Using PBS on the UFS HPC
Introduction
To allow many users to simultaneously use the resources of the UFS HPC (which is distributed across many nodes), a software framework called the Portable Batch System (PBS) is implemented. This framework is used to submit, cancel and monitor the progress of jobs on the HPC. The following figure outlines how the PBS operates:
Intricate detail of PBS is unnecessary for a regular HPC user, however knowing how to use some of the parts of this framework can aid the user in rudimentary job management.
Thus, this guide will only include typical use case examples to perform to the most common tasks on the HPC.
Using qsub to submit a non-interactive job
The qsub command is used to submit jobs to the UFS. In most cases the user will be provided with a submission script (typical with a .pbs extension). In these cases, after editing your submission script, submit your job as follows:
$ qsub mysubmitscript.pbs
The submission script will differ by software package (Always consult the usage documentation for the specific software package) but generally the header of the script will look like this:
#!/bin/bash -l
#################################################################
### PBS Job Parameters #####
#################################################################
#PBS -N md_NSP5_ctrl
#PBS -l nodes=4:ppn=32:prod
#PBS -l walltime=1000:00:00
#PBS -S /bin/bash
#PBS -m abe
#PBS -o md_NSP5_ctrl.out
#PBS -e md_NSP5_ctrl.err
#################################################################
The above options can be given directly to qsub as follows:
$ qsub -N md_NSP5_ctrl -l nodes=4:ppn=32:long -l walltime=1000:00:00
-S /bin/bash -m abe -o md_NSP5_ctrl.out -e md_NSP5_ctrl.err
mysubmitscript.pbs
However, defining the options in the control script is more convenient and thus preferred.
qsub options
The following list describes the options used in the previous control script example:
Option | Description |
---|---|
-N | Name of the submitted job |
-l | Comma separated list of requested resources |
-S | Shell to use |
-o | Output path used for standard output (STDOUT) |
-e | Output path used for standard error (STDERR) |
-m | Option to email the user when the job (a) aborts, (b) begins, (e) ends |
How to define the resources required
In the example above, resources are defined across two lines with the -l option and with each variable separated by colons.

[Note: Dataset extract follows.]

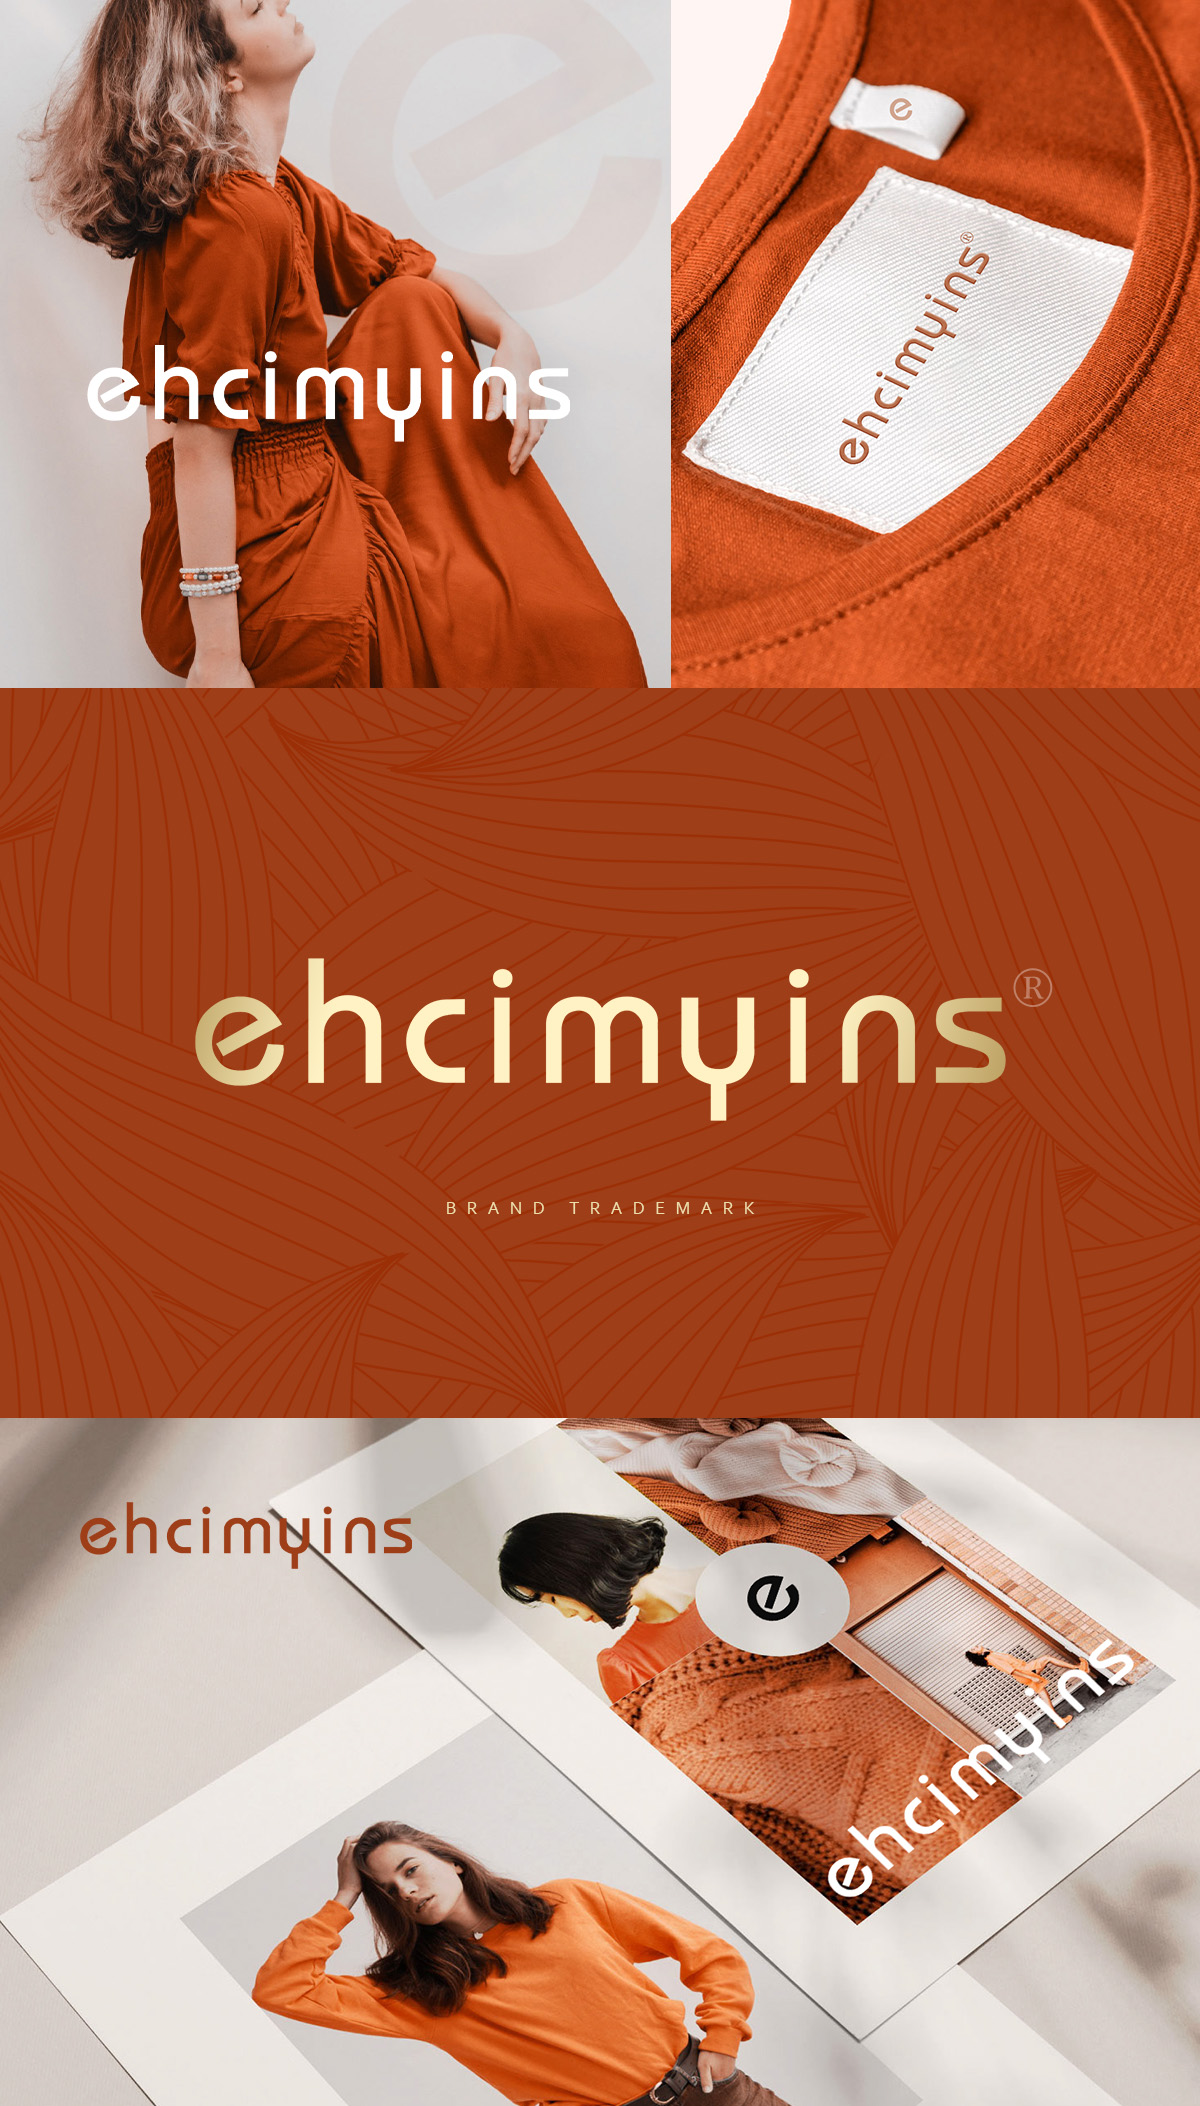 EHCIMYINS

Note: Appending prod in the first -l line is necessary to ensure that job is submitted to nodes that are in production.
Variable | Description |
---|---|
nodes | The number of nodes |
ppn | Processors/cores per nodes |
walltime | The time (hh:mm:ss) reserved for the job |
Thus, in the example of nodes=4 and ppn=32, the total number of cores reserved will be 32 x 4 = 128.
Using qsub to submit an interactive job
The qsub command can also be used to request an interactive session. However, direct usage of qsub is discouraged for normal users, who should use the qwiz script instead.
Follow these steps to submit an interactive job with qwiz:
-
Invoke the qwiz command
$ qwiz
-
Follow the prompts on screen to define the resources required for the session. The user may simply press enter to accept the defaults in square brackets.
3. If the required resources is available, the job will be automatically submitted and the user will change location from the login node to one of the computer nodes on the cluster.
4. To cancel the session early (thus releasing the resources used) use qdel as described below. The message "Terminated" should appear on screen if this was successful:
Using qstat to check the status of running jobs
To get information about the status of running jobs the qstat command can be used as follows:
$ qstat
The status of all the user's jobs in the queue will be displayed on screen. For example:
The S column shows the status of the job:
- R - The job is currently running
- Q - The job is in the queue, awaiting available resources
- C - The job is cancelled
Note that to cancel the job, the job id will be required.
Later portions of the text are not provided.